▸ Assignment
The listing below should be printed in full and exactly, apart from its images.

▸ Stored data
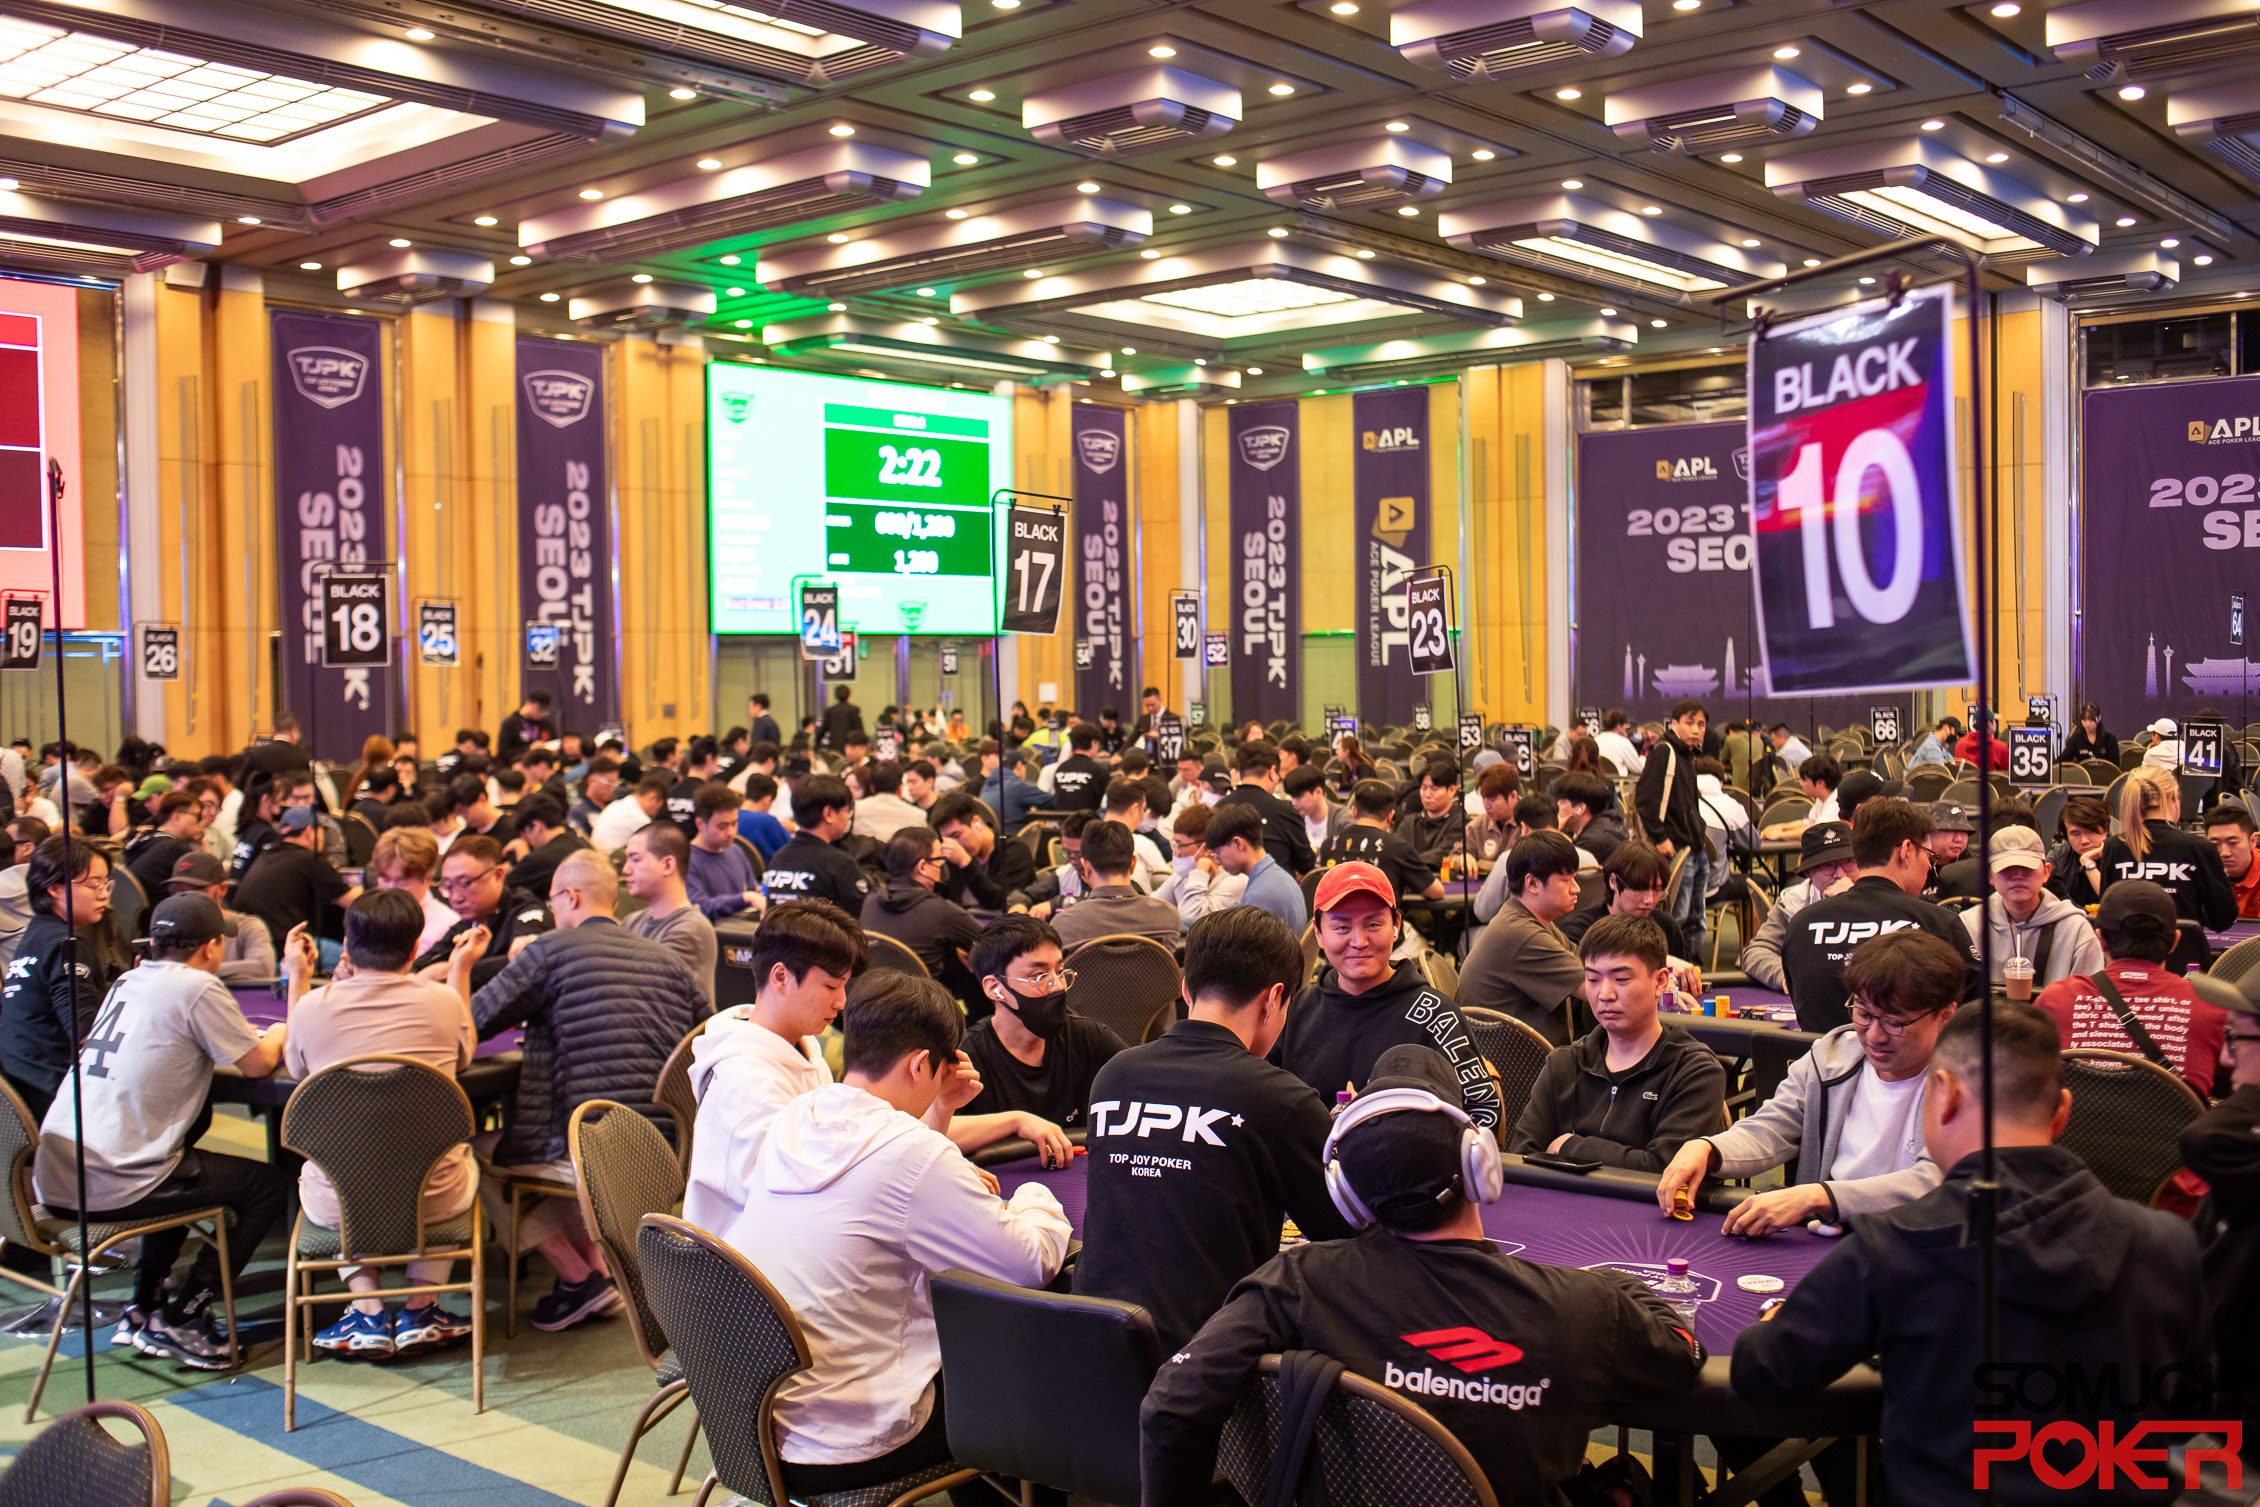 TJPT Korea (TJPK) Main Event:  Hunt for the money and a final 9 spot underway! 113 players return for Day 2; APL Seoul up next!
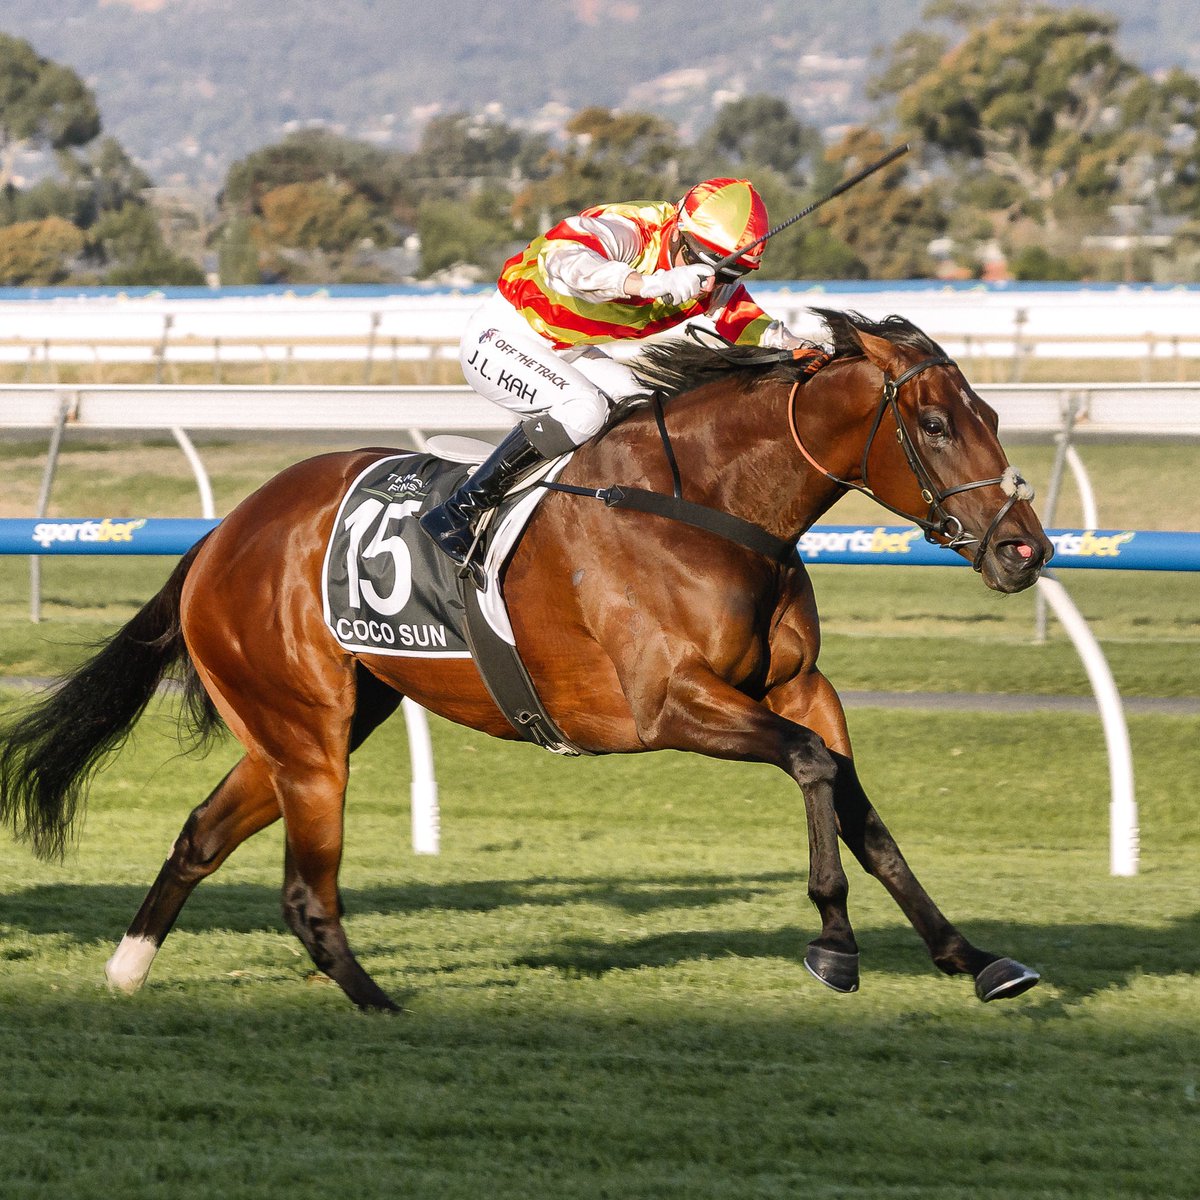 Five of our favourite Group One moments from the Adelaide Racing Carnival: 1. The South Australian Derby saw Jamie Kah claim her first Group One glory in her home state (pictured). 2. Coco Sun becoming just the third filly or mare to win the Group One South Australian Derby in
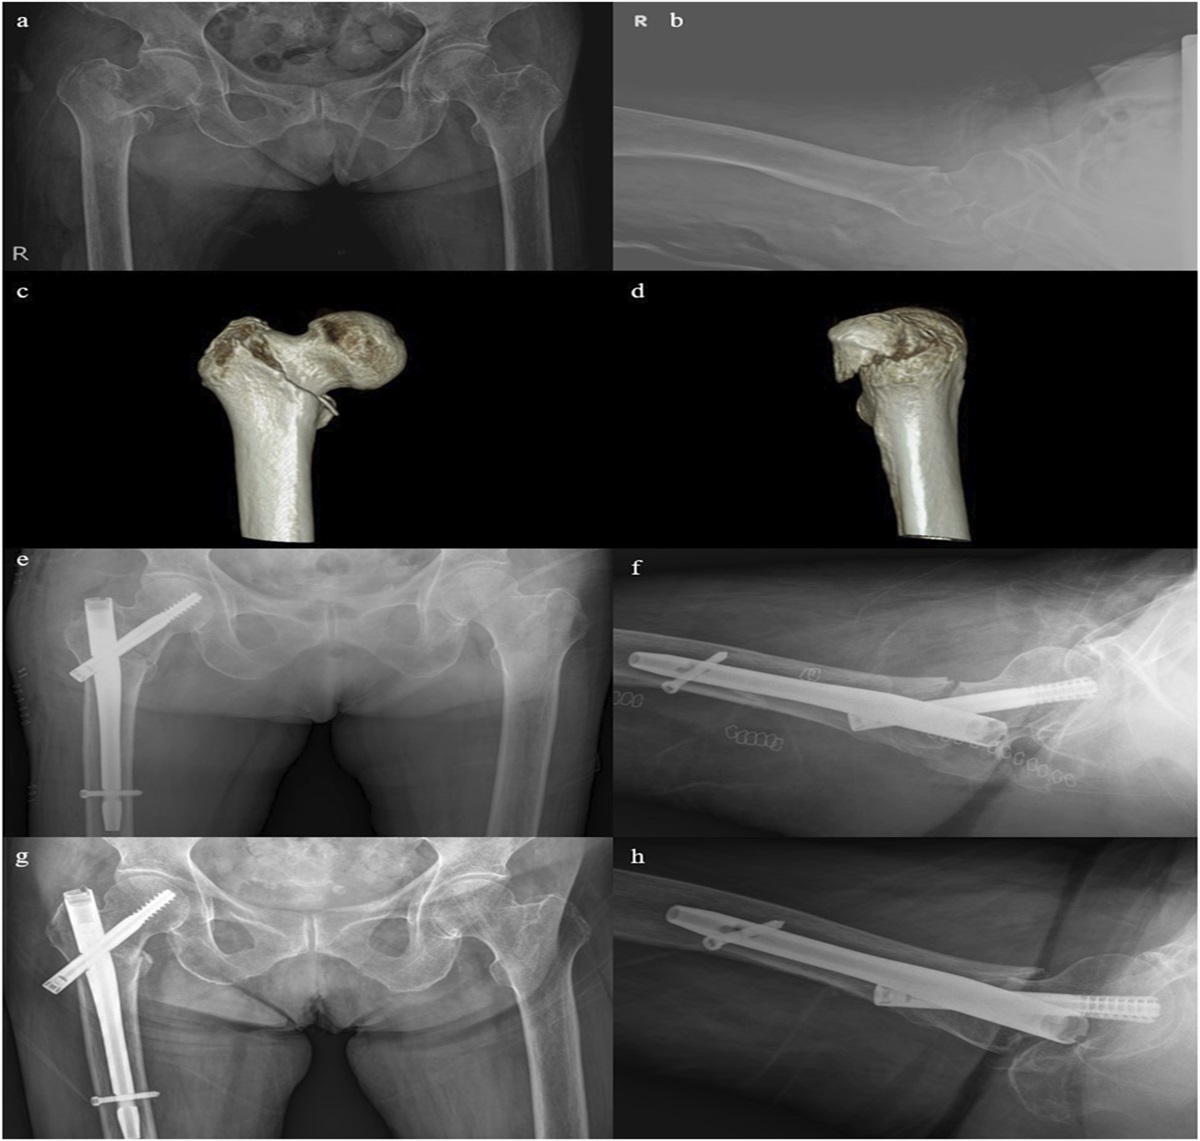 Intramedullary Impaction of the Basicervical Component Is Determinant of Fixation Failure in a Simple Two-Part Pertrochanteric Fracture

▸ Completed task
 TJPT Korea (TJPK) Main Event:  Hunt for the money and a final 9 spot underway! 113 players return for Day 2; APL Seoul up next!
 Five of our favourite Group One moments from the Adelaide Racing Carnival: 1. The South Australian Derby saw Jamie Kah claim her first Group One glory in her home state (pictured). 2. Coco Sun becoming just the third filly or mare to win the Group One South Australian Derby in
 Intramedullary Impaction of the Basicervical Component Is Determinant of Fixation Failure in a Simple Two-Part Pertrochanteric Fracture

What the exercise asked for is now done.